Research Blog

November 4, 2020

Insulin Resistance - Part 1

This is part 1 of a series of articles we are posting on Insulin Resistance covering the biochemistry and physiology of insulin resistance (IR), IR and the road to diabetes, assessing IR, and steps to reverse IR. 


The Biochemistry and Physiology of Insulin

Dicken Weatherby, N.D. and Beth Ellen DiLuglio, MS, RDN, LDN

The ODX Insulin Resistance Series

  1. Insulin Resistance part 1 - The Biochemistry and Physiology of Insulin
  2. Insulin Resistance part 2 - Insulin Resistance and the Road to Diabetes
  3. Insulin Resistance part 3 - Assessing Insulin Resistance - Signs, Symptoms & Individual Biomarkers
  4. Insulin Resistance part 4 - Take a U-Turn and Reverse Insulin Resistance
  5. Optimal - The Podcast: Episode 3 Insulin Resistance

Let’s have a brief look at the biochemistry and physiology of insulin.

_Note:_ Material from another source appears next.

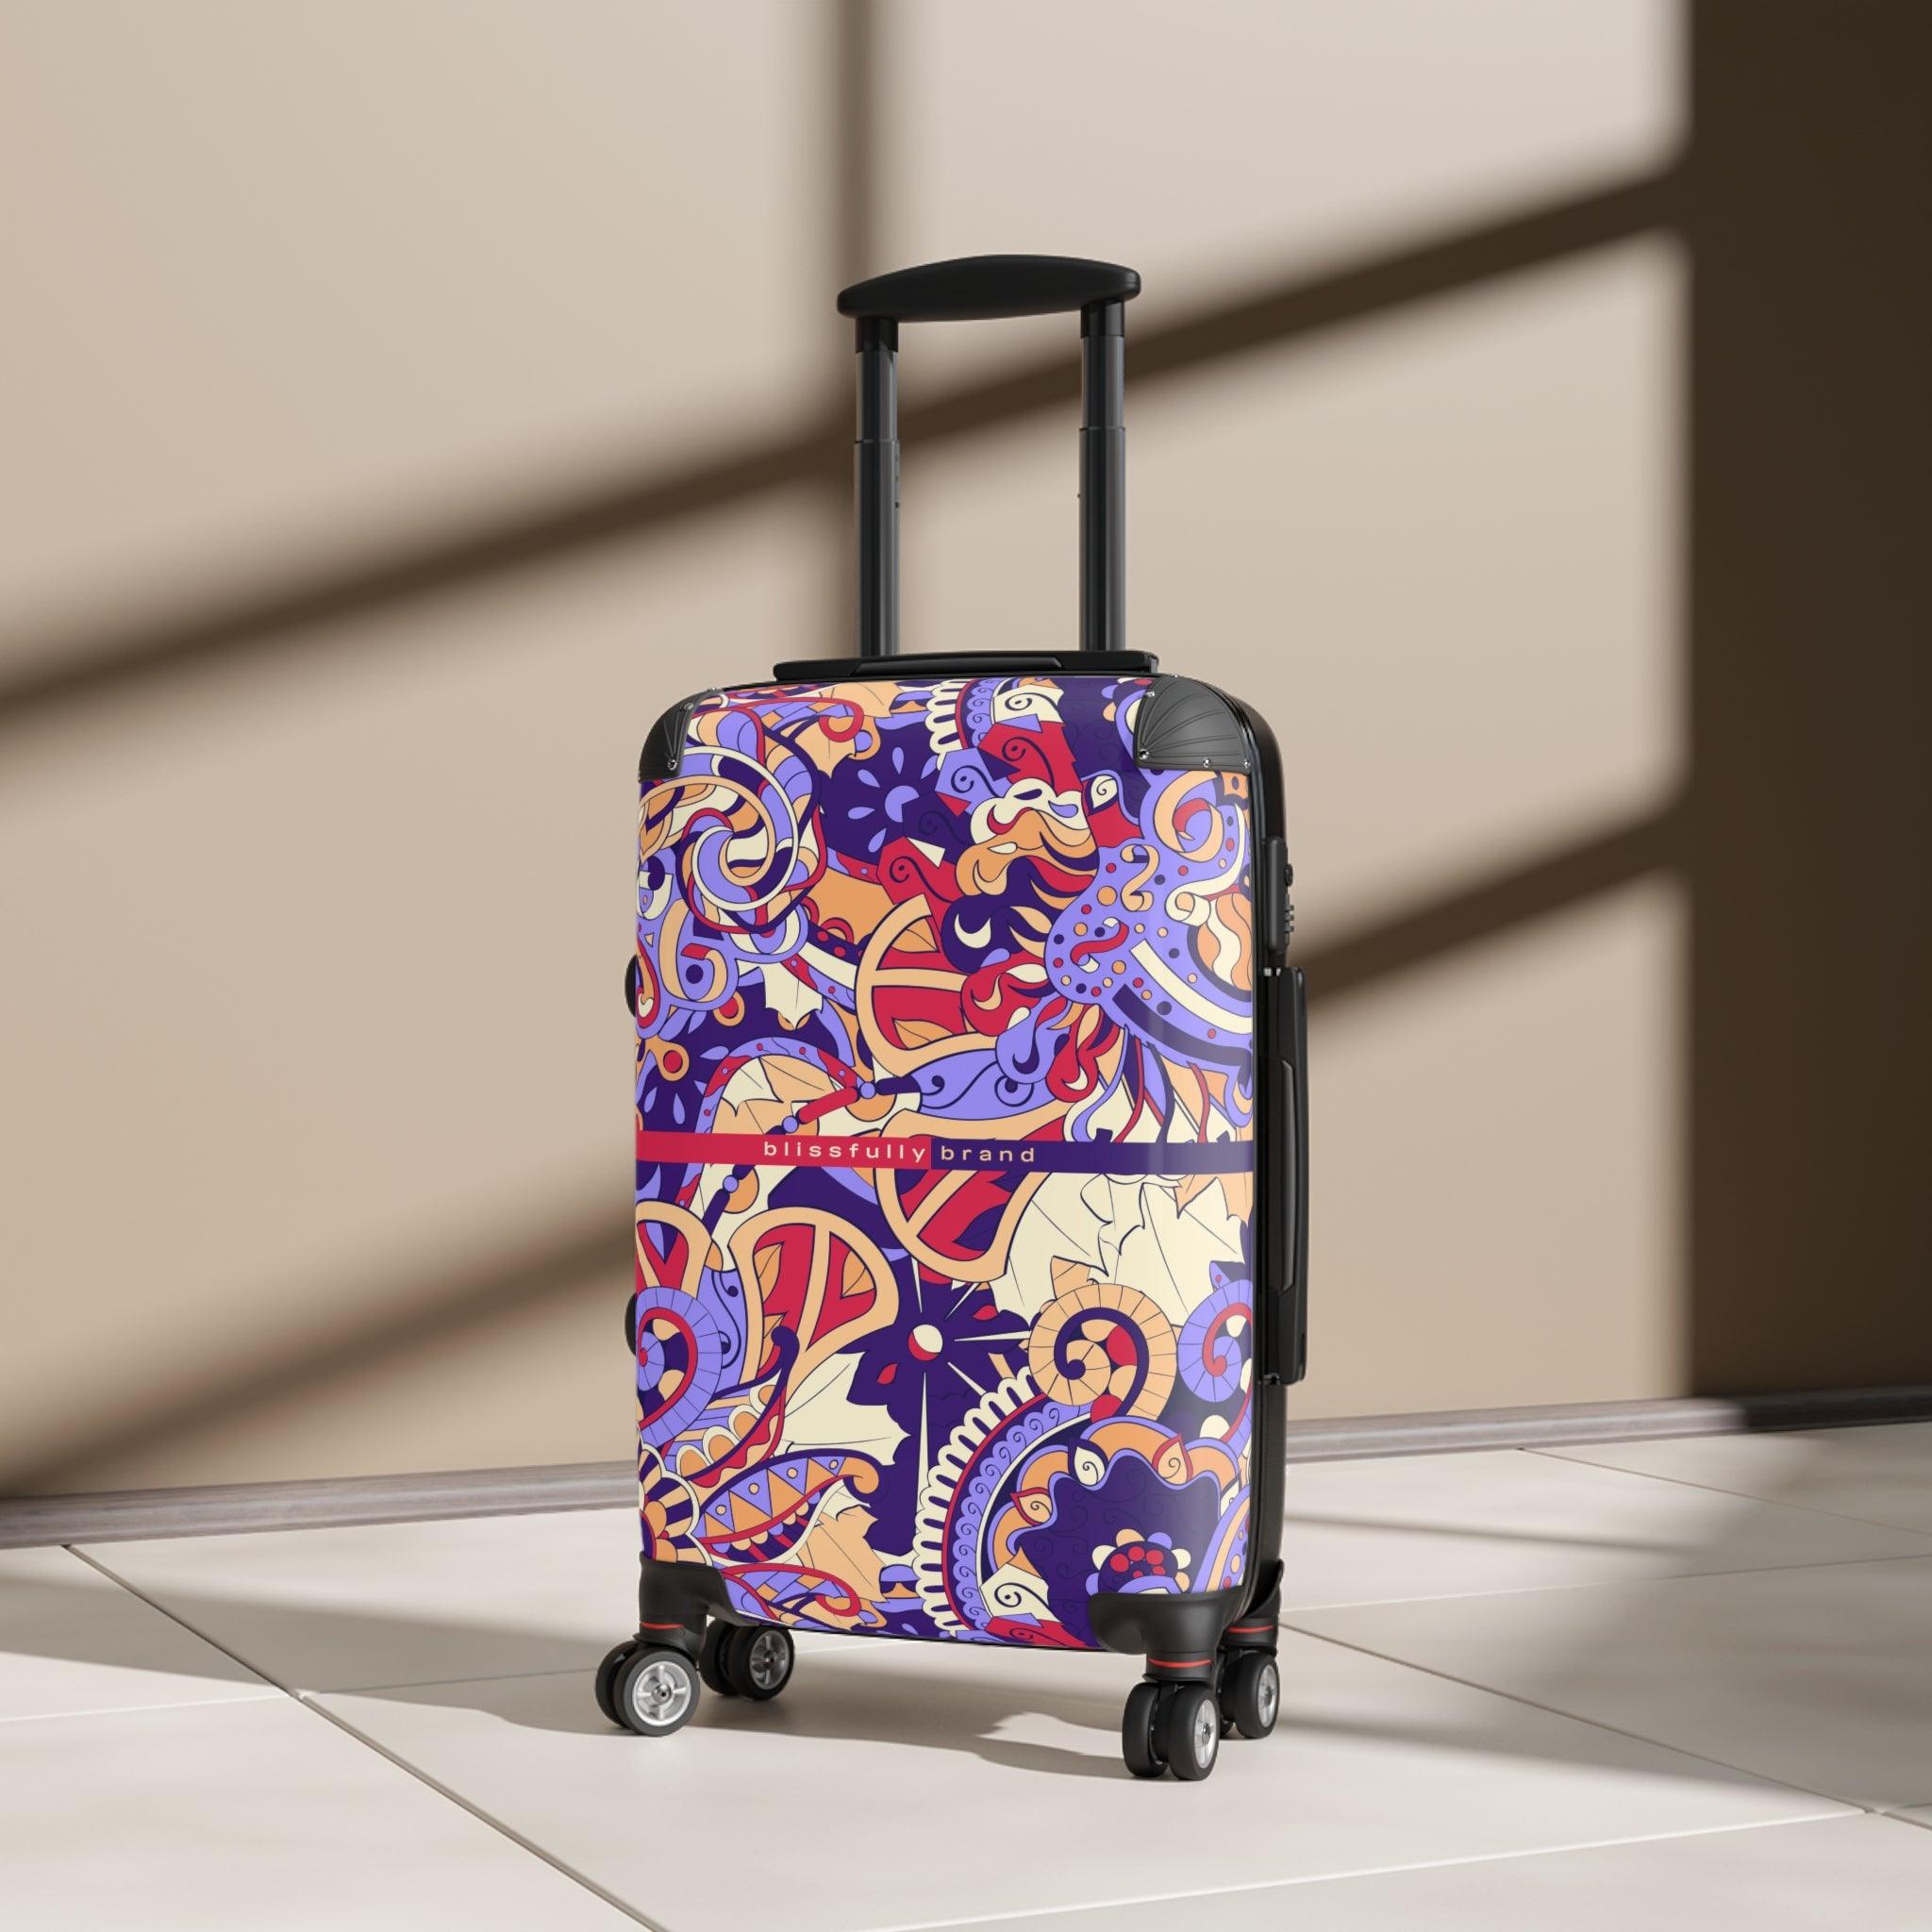 Sechie Luggage Collection - Abstract Kaleidoscope Baroque Paisley Floral Print Psychedelic Retro Swirls Funky Multicolor Check in Carry On Roller 360 Hard Shell Unique Retro Vibrant Bold Eclectic Boho Chic Blue
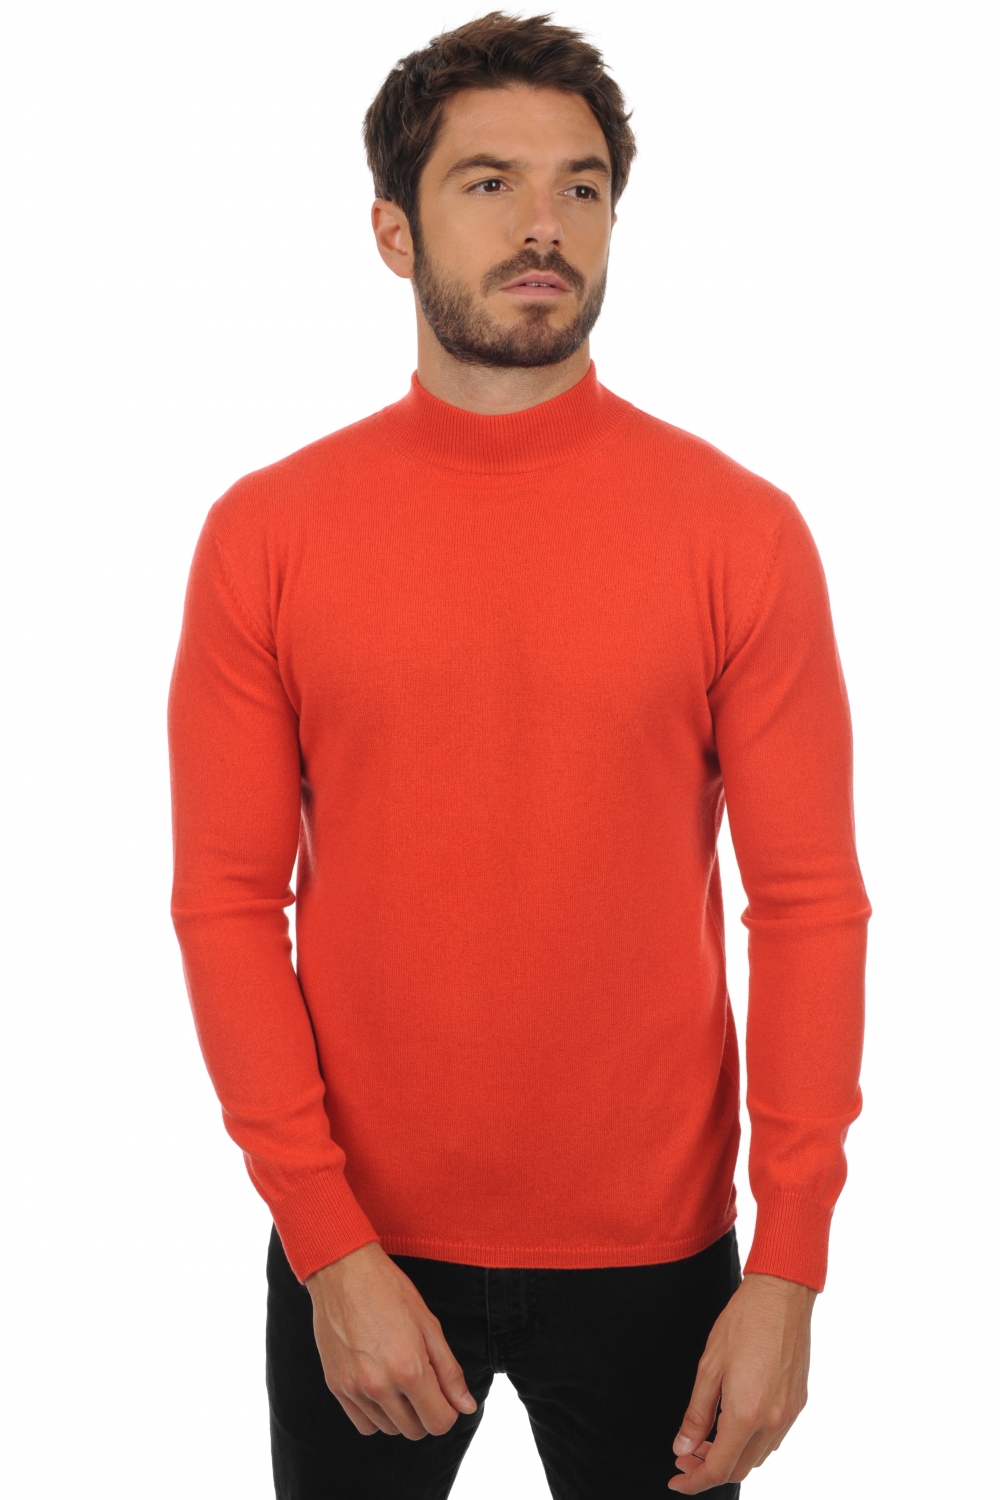 Cachemire pull homme frederic corail lumineux m

Insulin is a peptide hormone produced and secreted by the beta cells of the Islets of Langerhans in the pancreas. It has anabolic actions that lower blood glucose and affect lipid and protein metabolism. Insulin promotes synthesis of glycogen, protein, and lipids, and also promotes cell division and growth. [1]

Insulin has a direct effect on [2]

  • Muscle
    • Increases glucose transport and utilization and stimulates glycogen synthesis and storage
  • Liver cells
    • Stimulates glycogen synthesis and lipid storage
    • Reduces gluconeogenesis and hepatic glucose production
    • Decreases availability of circulating fatty acids
  • White adipose tissue
    • Increases glucose transport and lipogenesis and decreases lipolysis

Pancreatic beta cells are able to store a small amount of insulin that can be released quickly when blood glucose rises.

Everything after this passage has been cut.